Make it clear in the agreement whether the court or an arbitrator will make decisions about arbitrability, he said.

Several courts are currently grappling with the question of who decides whether class arbitration is available because the contracts didn’t say so explicitly ( 17 CLASS 1063, 10/14/16 ).

Lay out what kinds of claims should be decided by the arbitrator, Ranlett said.

The more you can spell out clearly at the time of drafting, the more it will save you from headaches down the road.

2. Include Consumer/Employee-Friendly Terms

The arbitration clause should be prominent and obvious so that the consumer or employee signing it will be sure to notice it, Ranlett said.

It should also give consumers the option of forgoing arbitration to handle their claims in small claims court, as AT&T’s contract provides, he said.

Filing fees are lower in small claims court than in regular court proceedings, and filers don’t need attorney representation. But they can’t proceed as a class.

It’s important not to put all of the costs of arbitration on the consumer, Parasharami said.

At the very least, companies should follow the American Arbitration Association’s rules for costs. Those rules cap the consumer’s filing fee at $200 and require the business to compensate the arbitrator.

Parasharami suggests companies consider being even more generous than the AAA requires.AT&T’s arbitration clause provides that the company pays all arbitration costs as long as the claim isn’t frivolous.

In 2011, when the Supreme Court upheld AT&T’s arbitration provision in Concepcion, the provision required AT&T to pay a consumer a minimum of $5,000 and double attorneys’ fees if an arbitrator awarded the consumer more than AT&T’s final settlement offer.
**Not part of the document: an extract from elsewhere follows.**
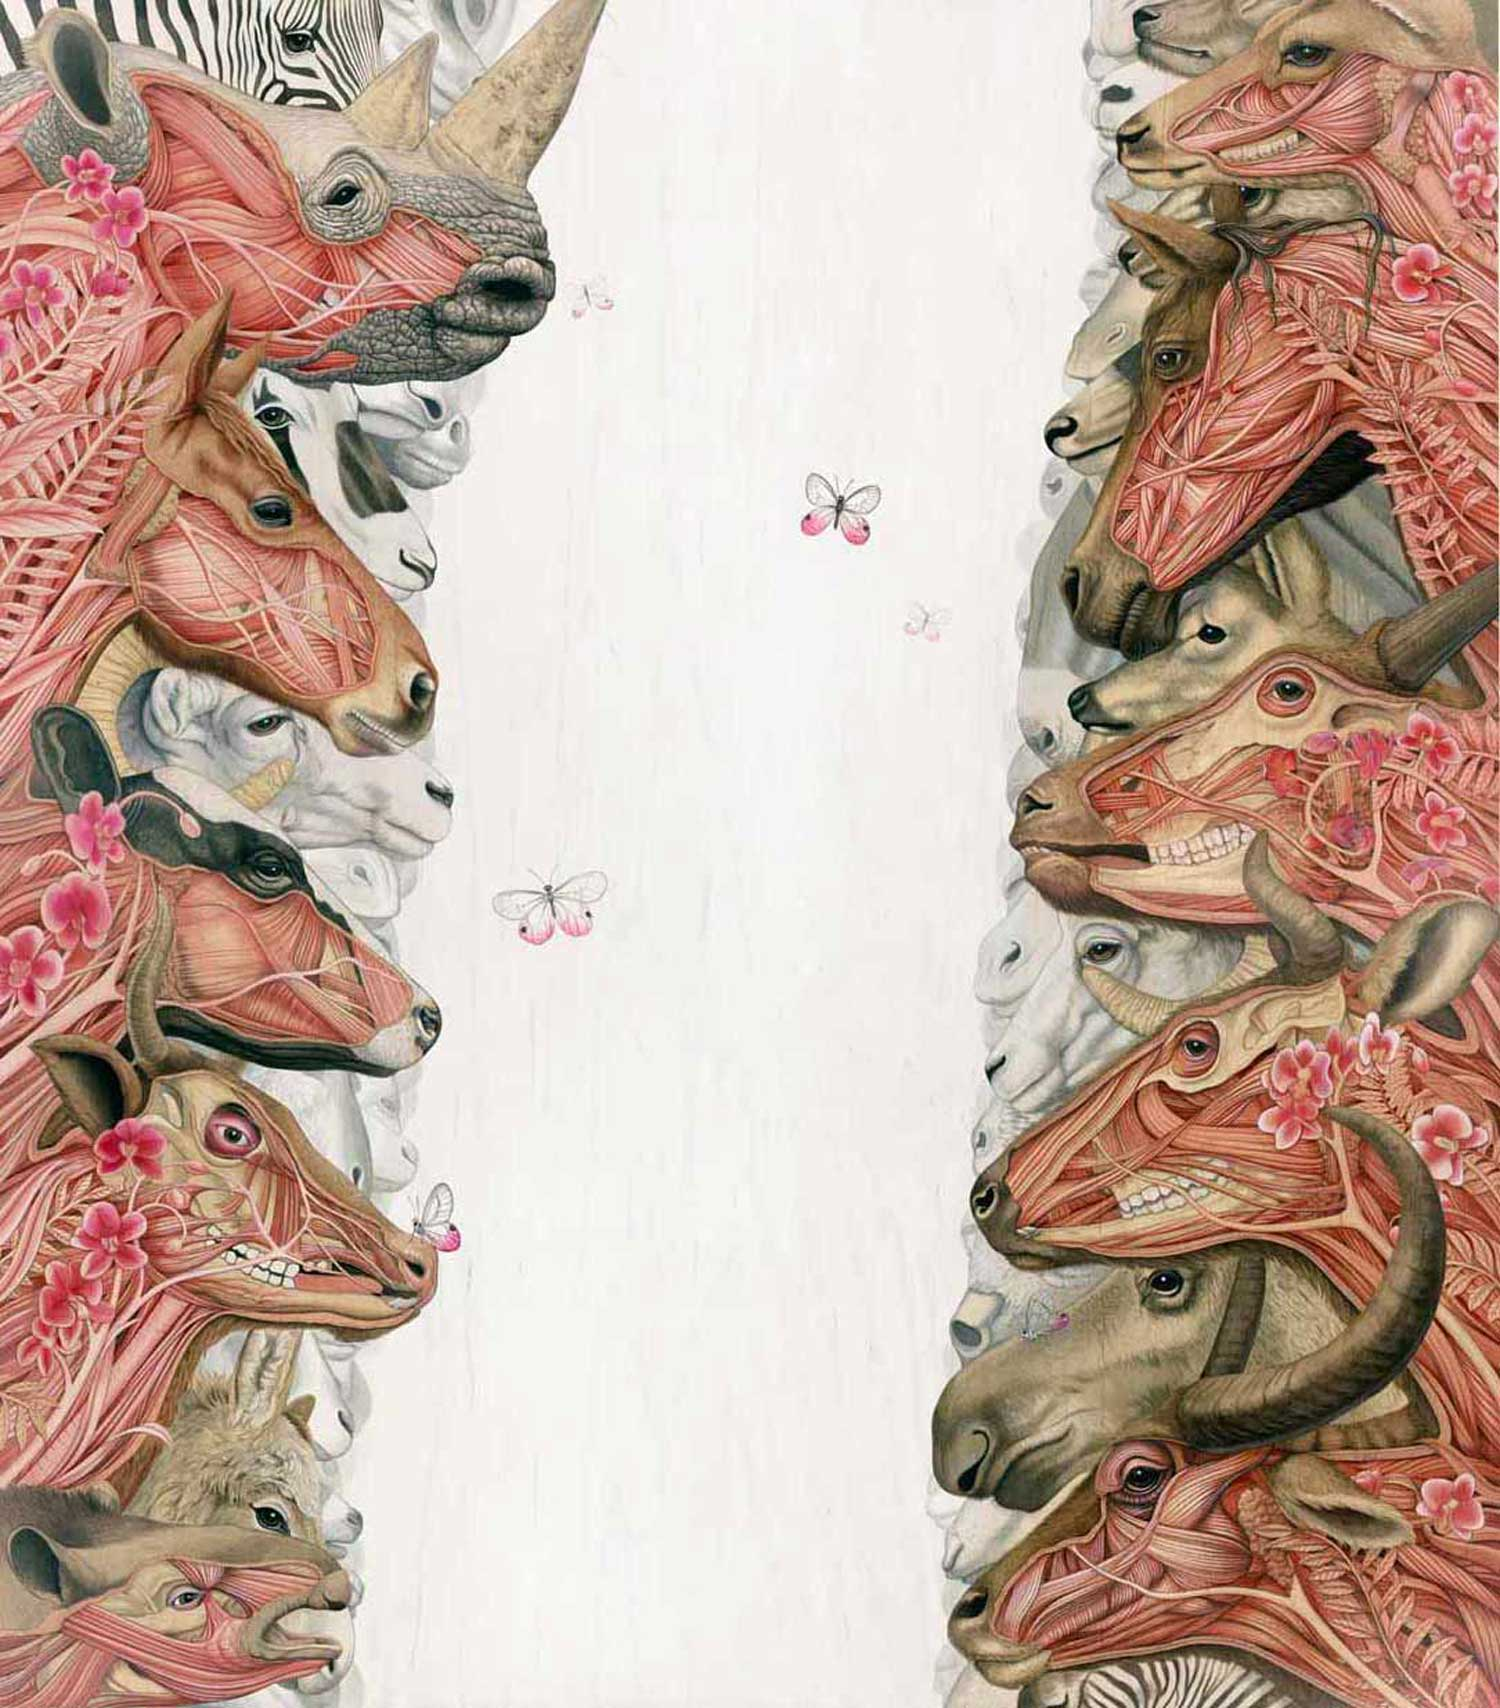 tiffany bozic surreal animals rhino anatomy
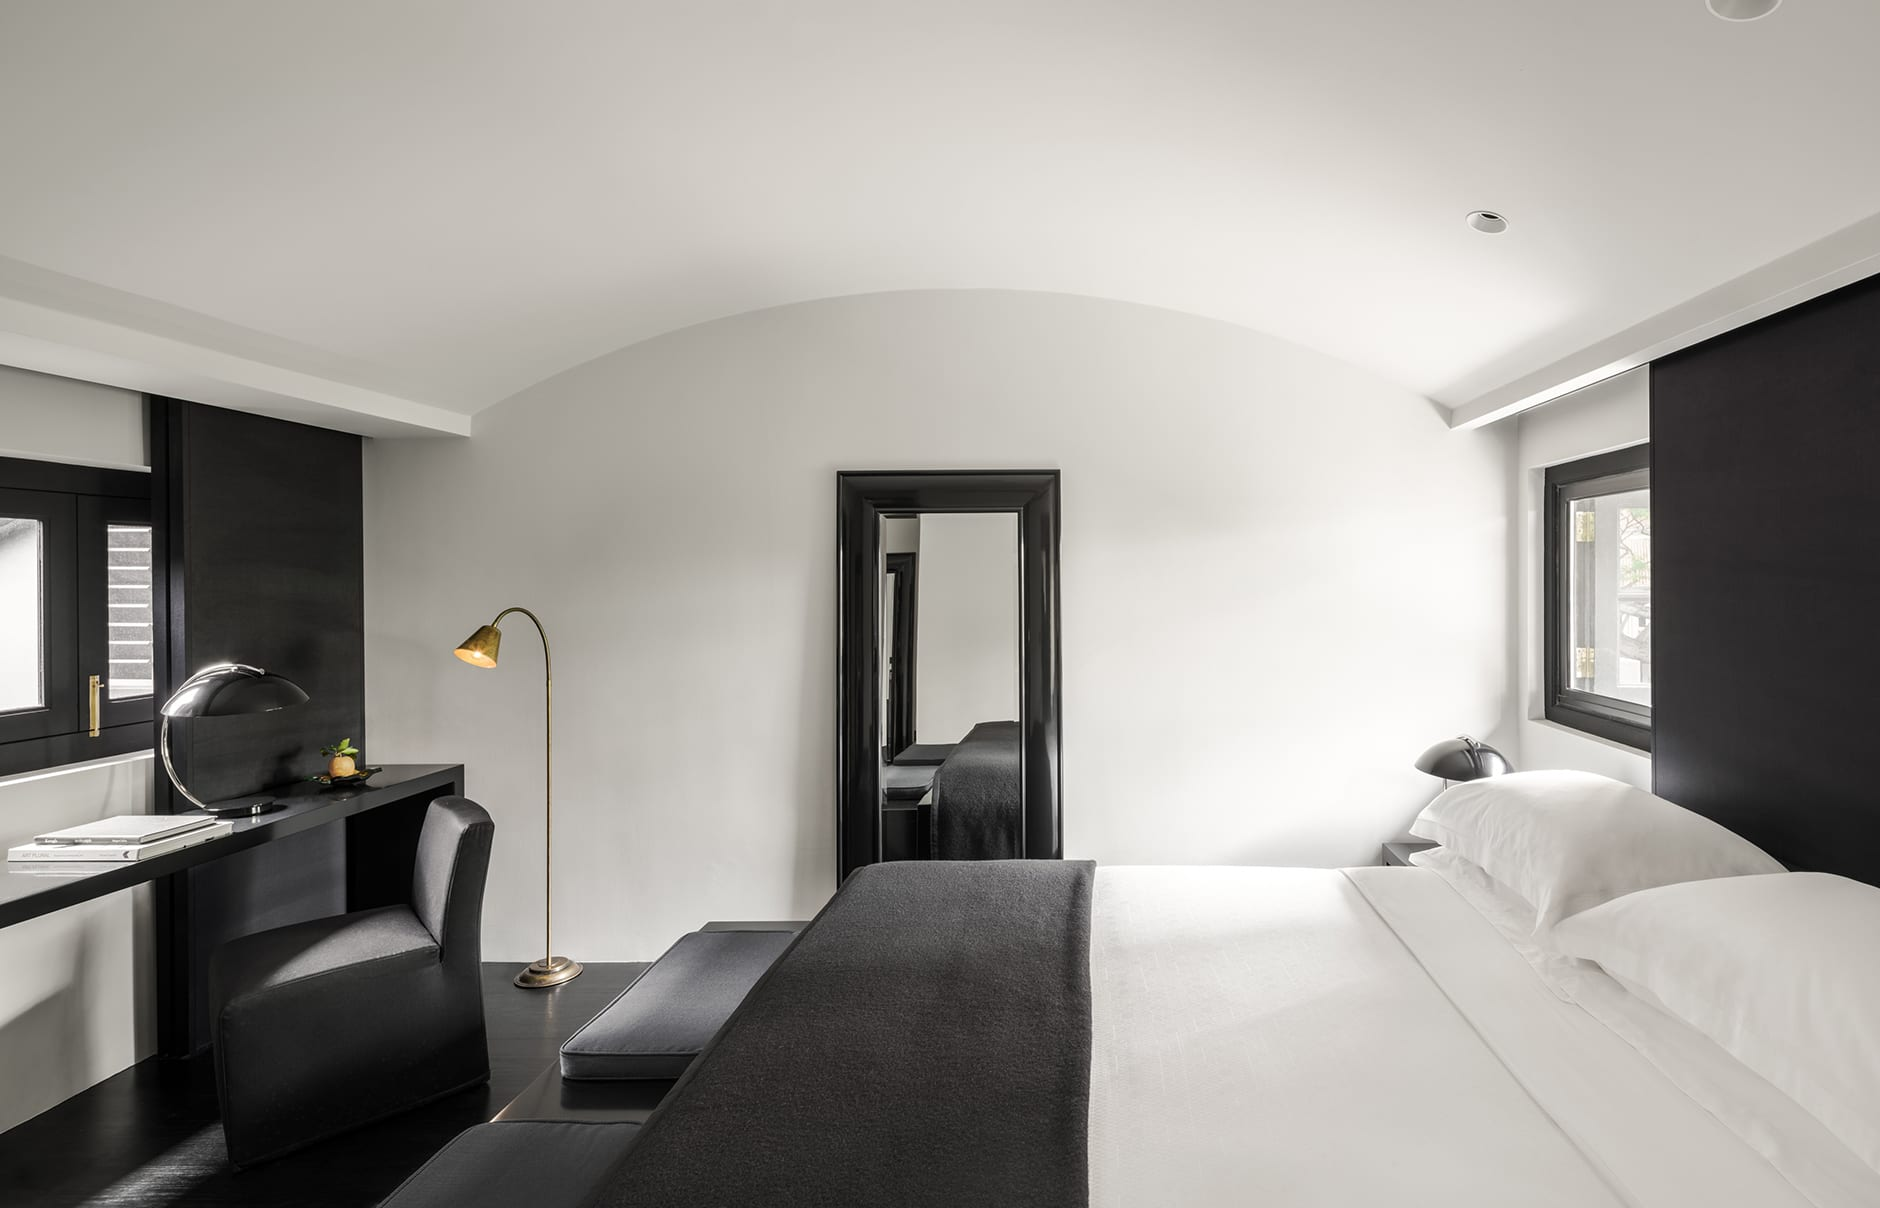 Six Senses Duxton, Singapore. Shophouse Room. Luxury Hotel Review by TravelPlusStyle. Photo © Six Senses Hotels Resorts Spas

That floor is now $10,000.

3. Avoid Potentially Unconscionable Terms

Finally, attorneys should avoid including provisions that would be held invalid under unconscionability principles of contract law.

That includes ensuring the arbitration forum is convenient for the consumer or employee and that both sides’ arguments are treated equally, Ranlett said.

The company should also follow AT&T’s lead and not limit the consumer or employee’s remedies.

That means giving the arbitrator the option of awarding any form of individual relief that would be available to the consumer in court, including punitive damages, attorneys’ fees and injunctive relief.

The attorneys spoke at an Oct. 11 webinar put on by Strafford Publications Inc.